Omit the images and output every line of the data below exactly.
*** Opening GIVEN DATA ***
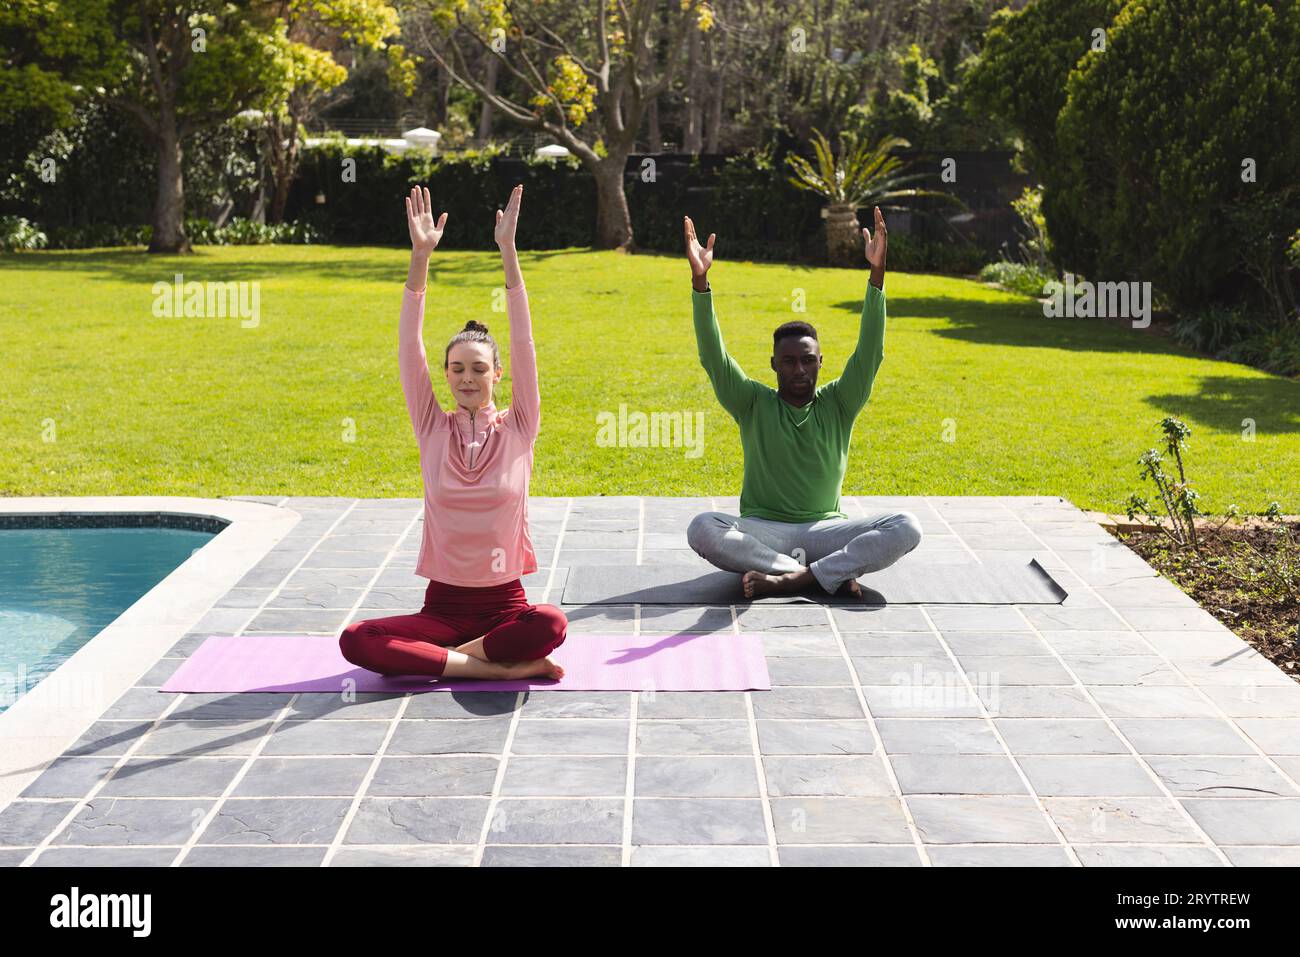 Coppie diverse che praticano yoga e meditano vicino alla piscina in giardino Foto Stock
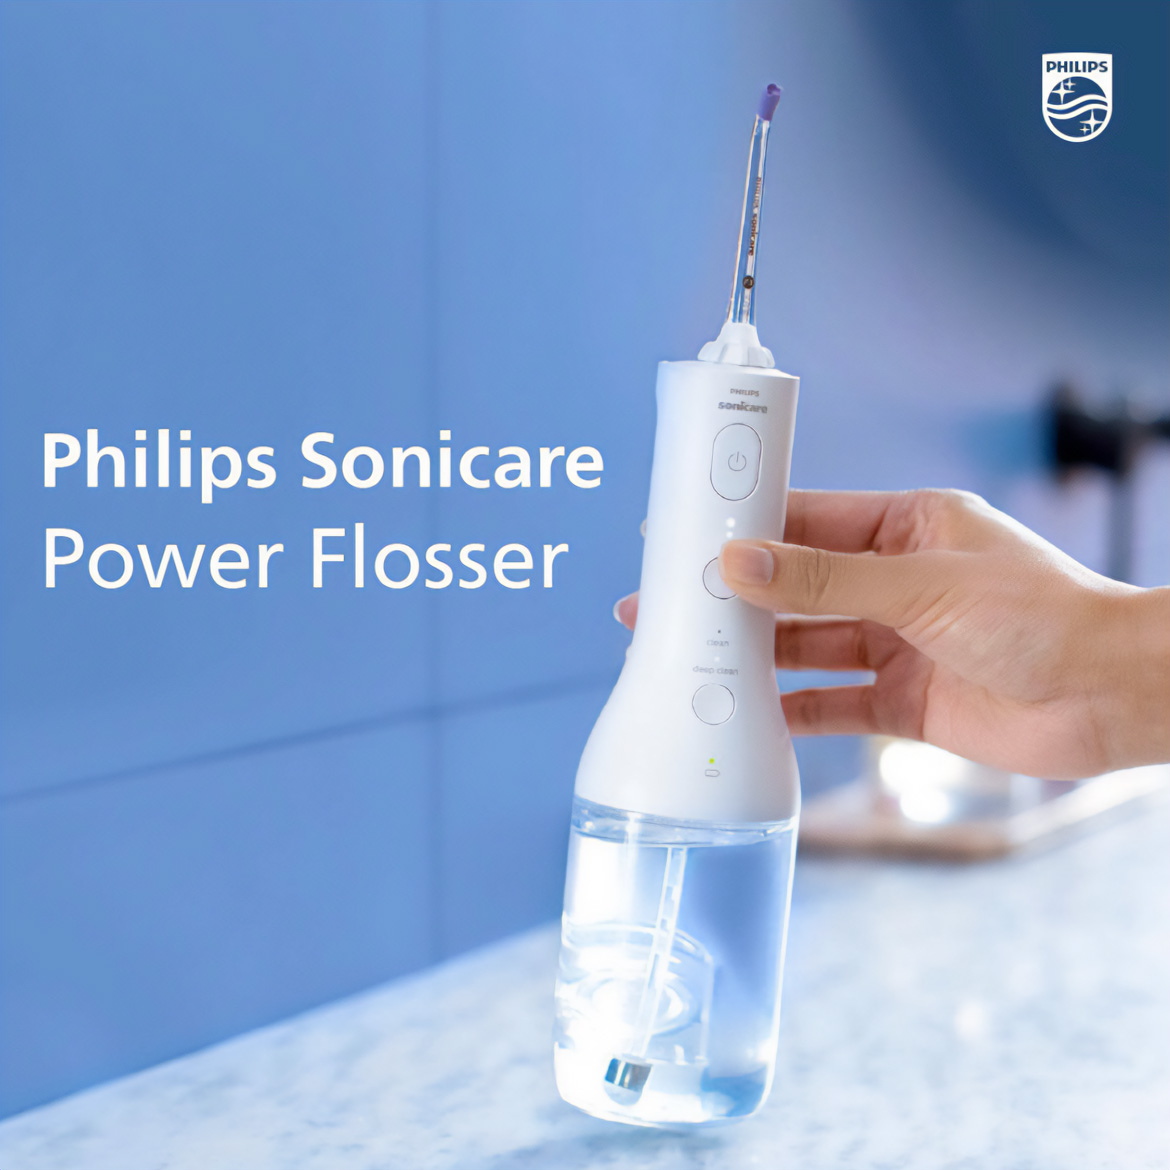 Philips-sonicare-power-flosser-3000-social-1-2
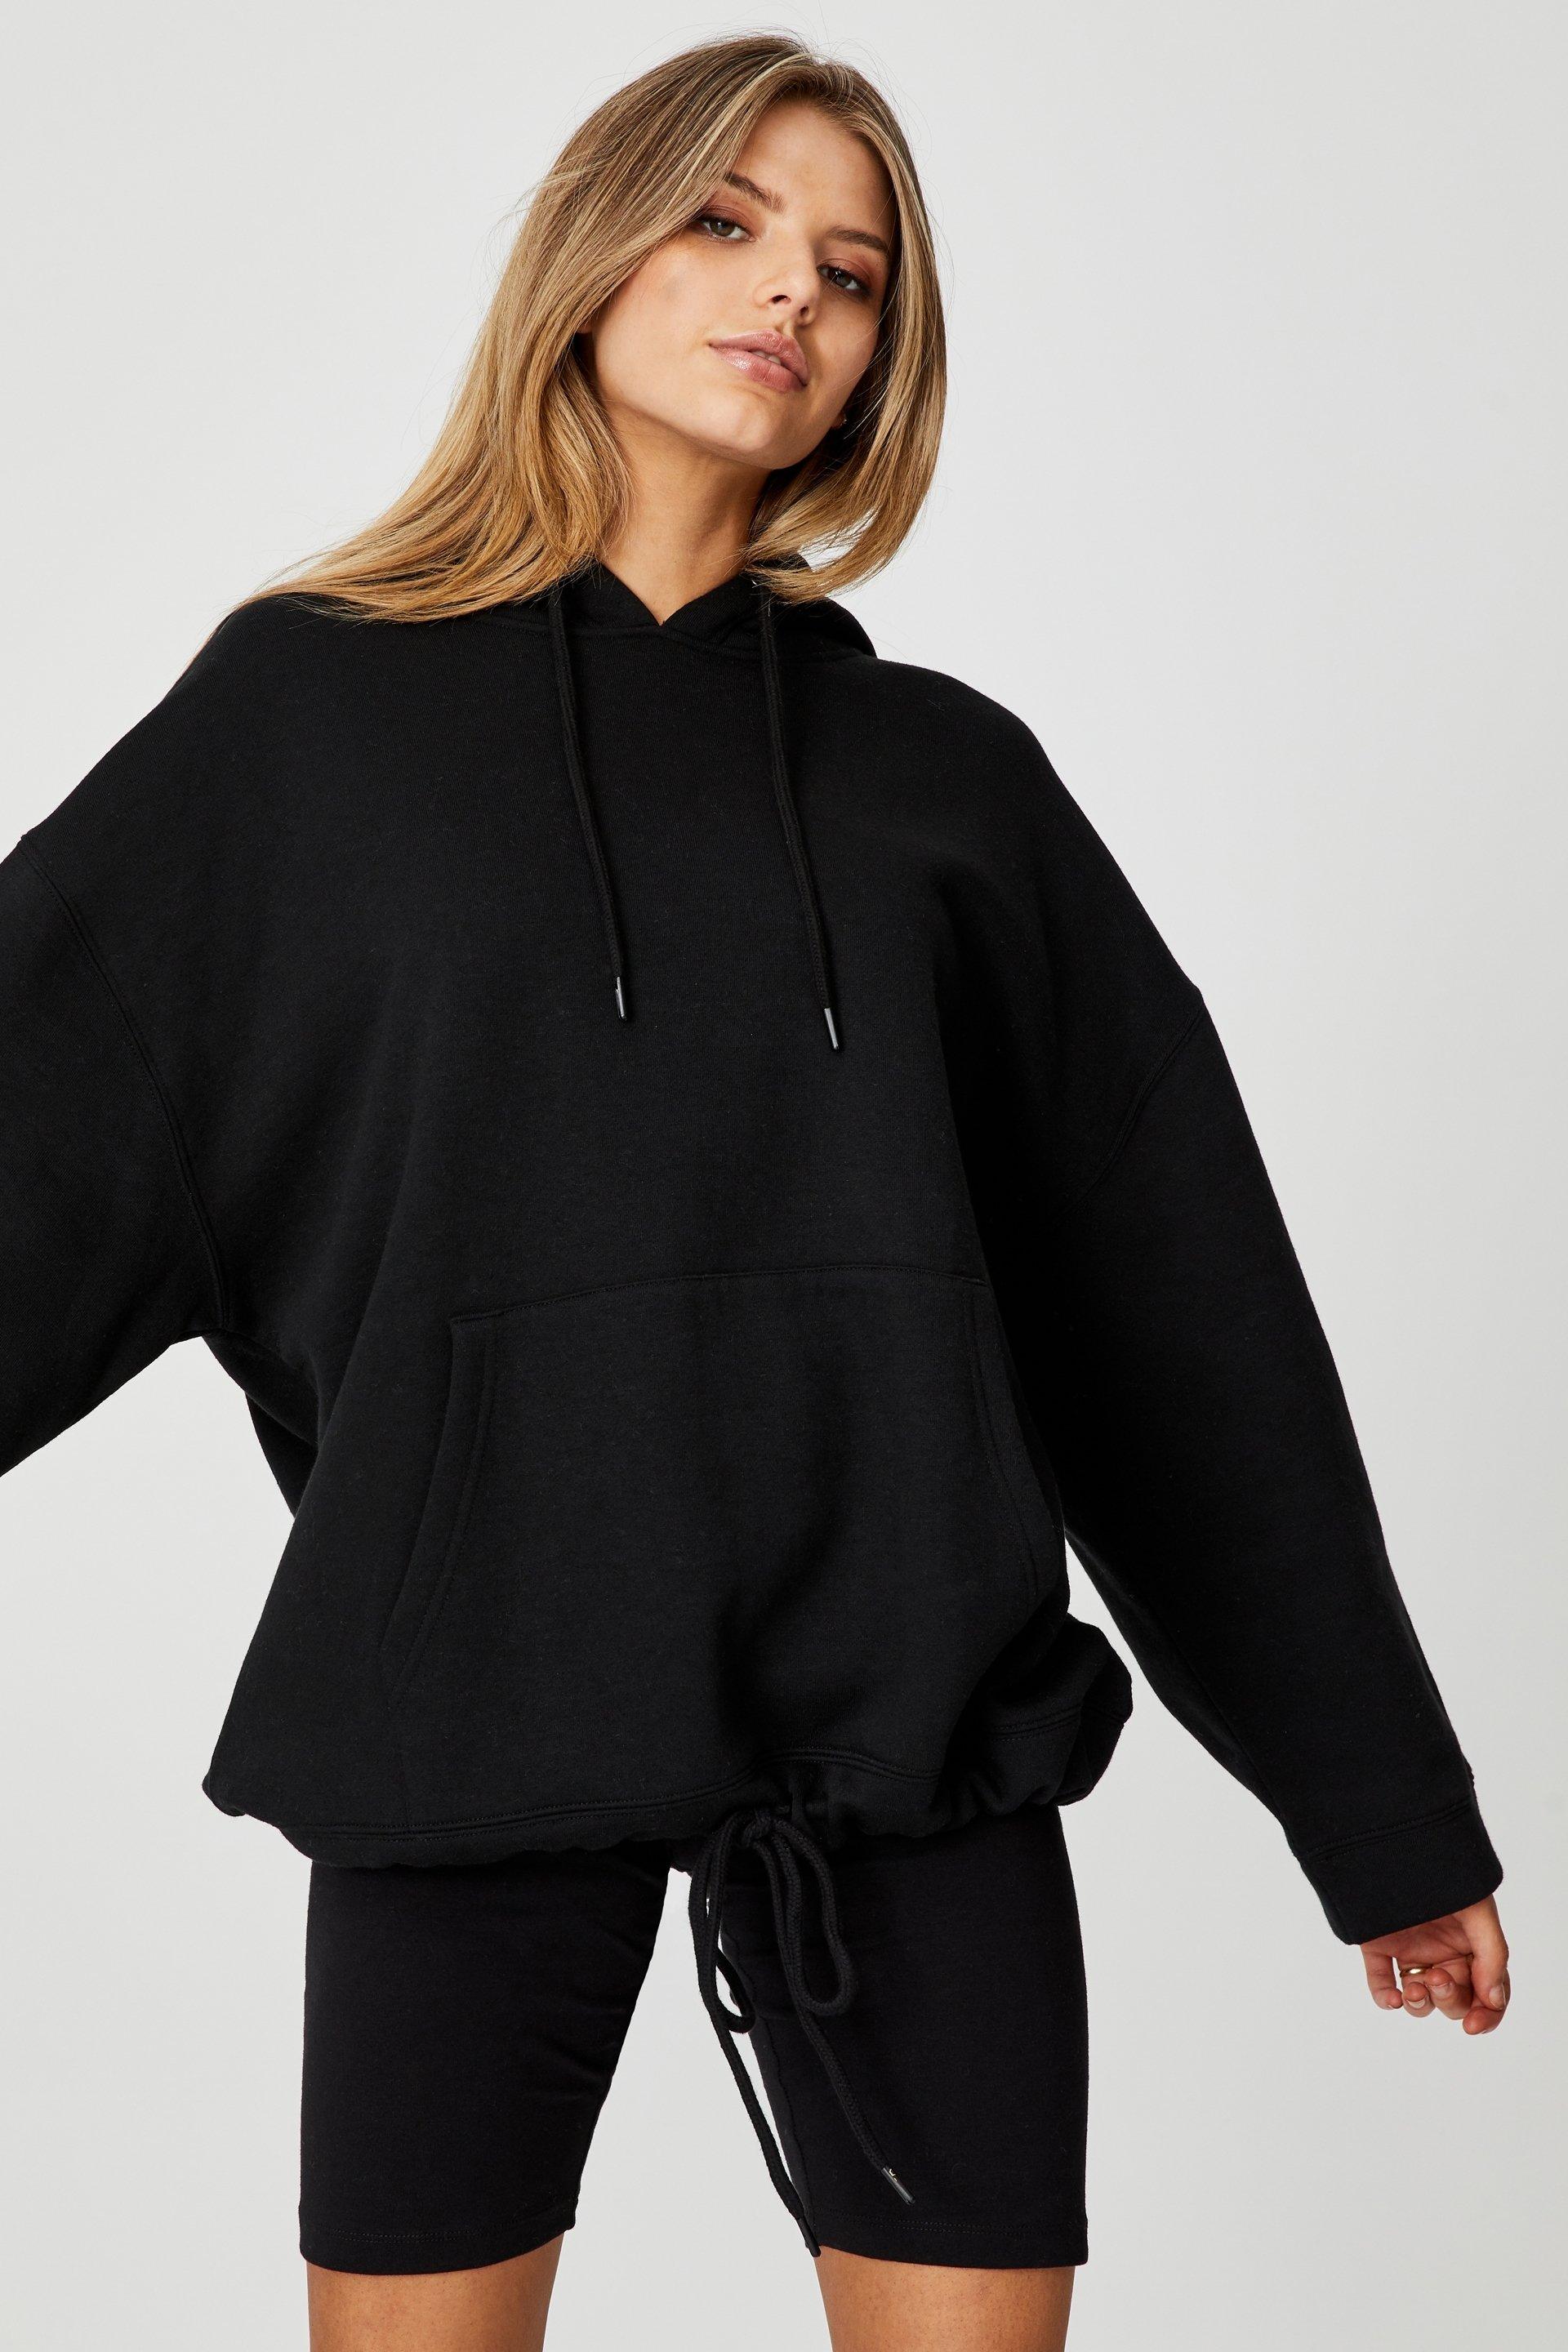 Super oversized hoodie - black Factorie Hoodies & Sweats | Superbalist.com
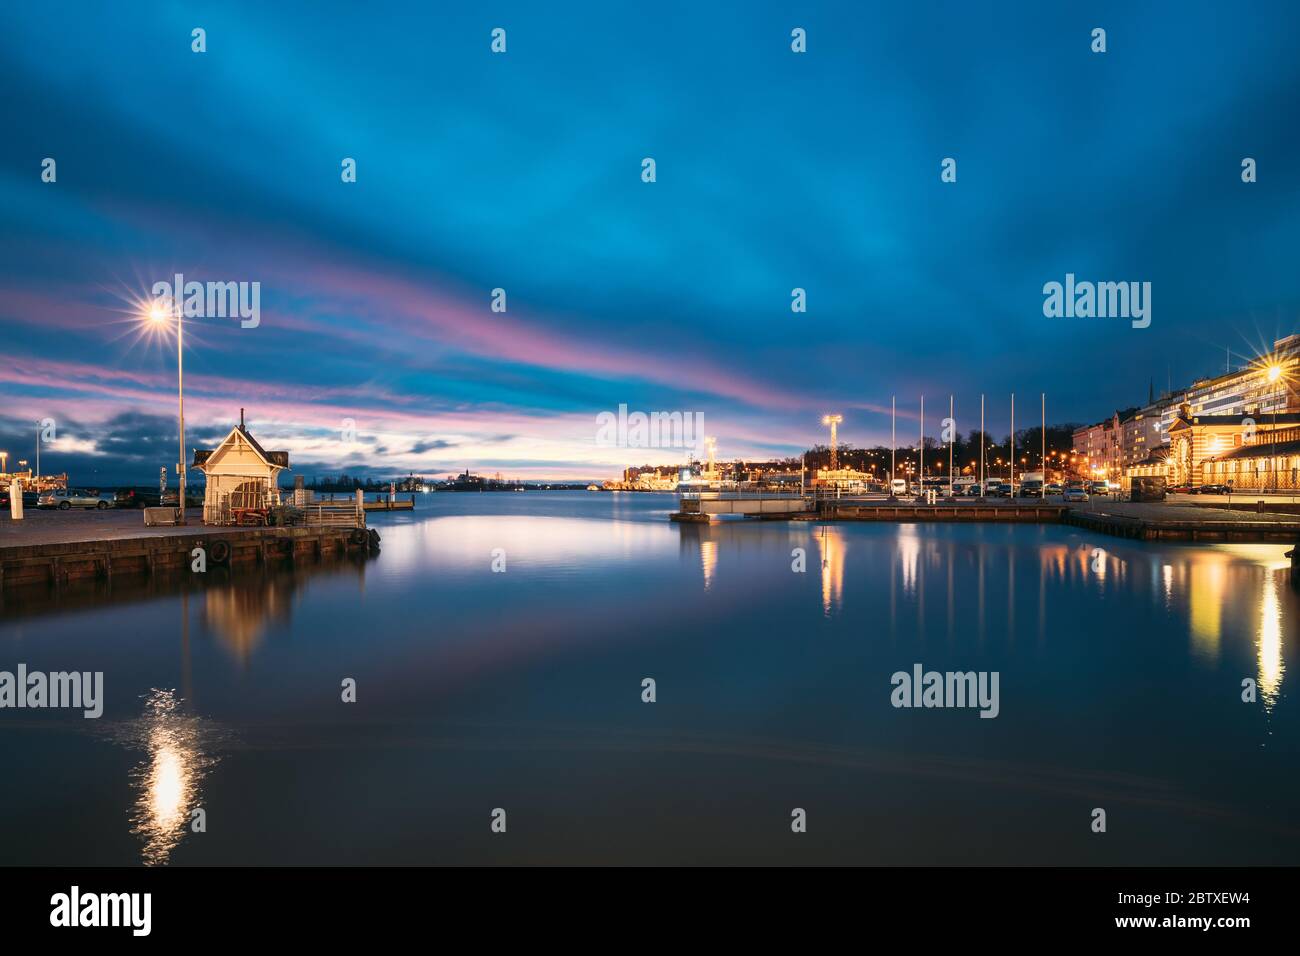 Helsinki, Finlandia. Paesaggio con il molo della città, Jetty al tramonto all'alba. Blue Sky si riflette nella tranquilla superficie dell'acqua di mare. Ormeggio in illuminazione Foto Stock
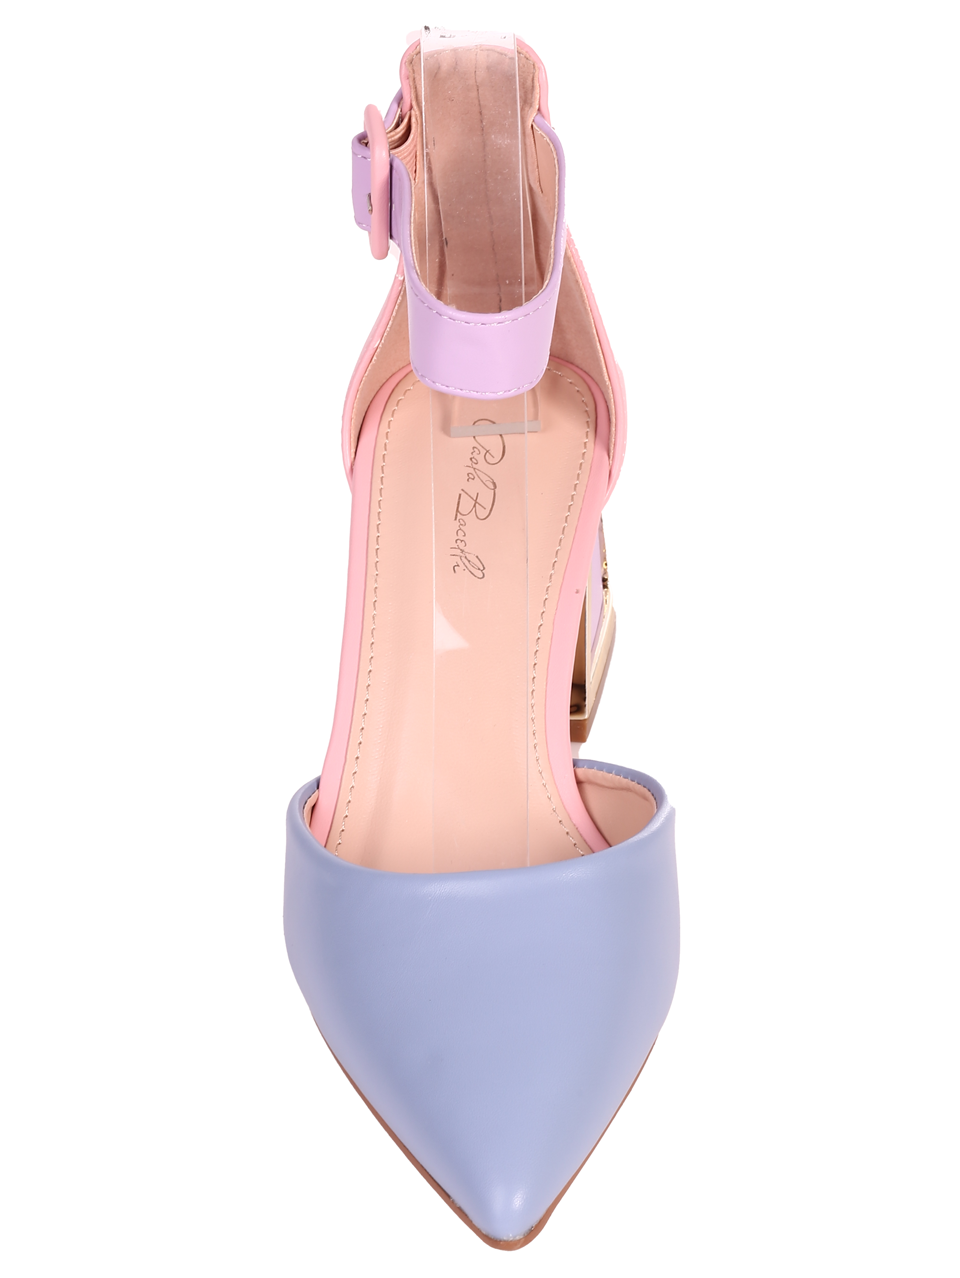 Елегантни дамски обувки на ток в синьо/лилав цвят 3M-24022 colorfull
*** Closing GIVEN DATA ***
TASK RESULT:
 Coppie diverse che praticano yoga e meditano vicino alla piscina in giardino Foto Stock
 Philips-sonicare-power-flosser-3000-social-1-2
 Super oversized hoodie - black Factorie Hoodies & Sweats | Superbalist.com
 Helsinki, Finlandia. Paesaggio con il molo della città, Jetty al tramonto all'alba. Blue Sky si riflette nella tranquilla superficie dell'acqua di mare. Ormeggio in illuminazione Foto Stock
 Елегантни дамски обувки на ток в синьо/лилав цвят 3M-24022 colorfull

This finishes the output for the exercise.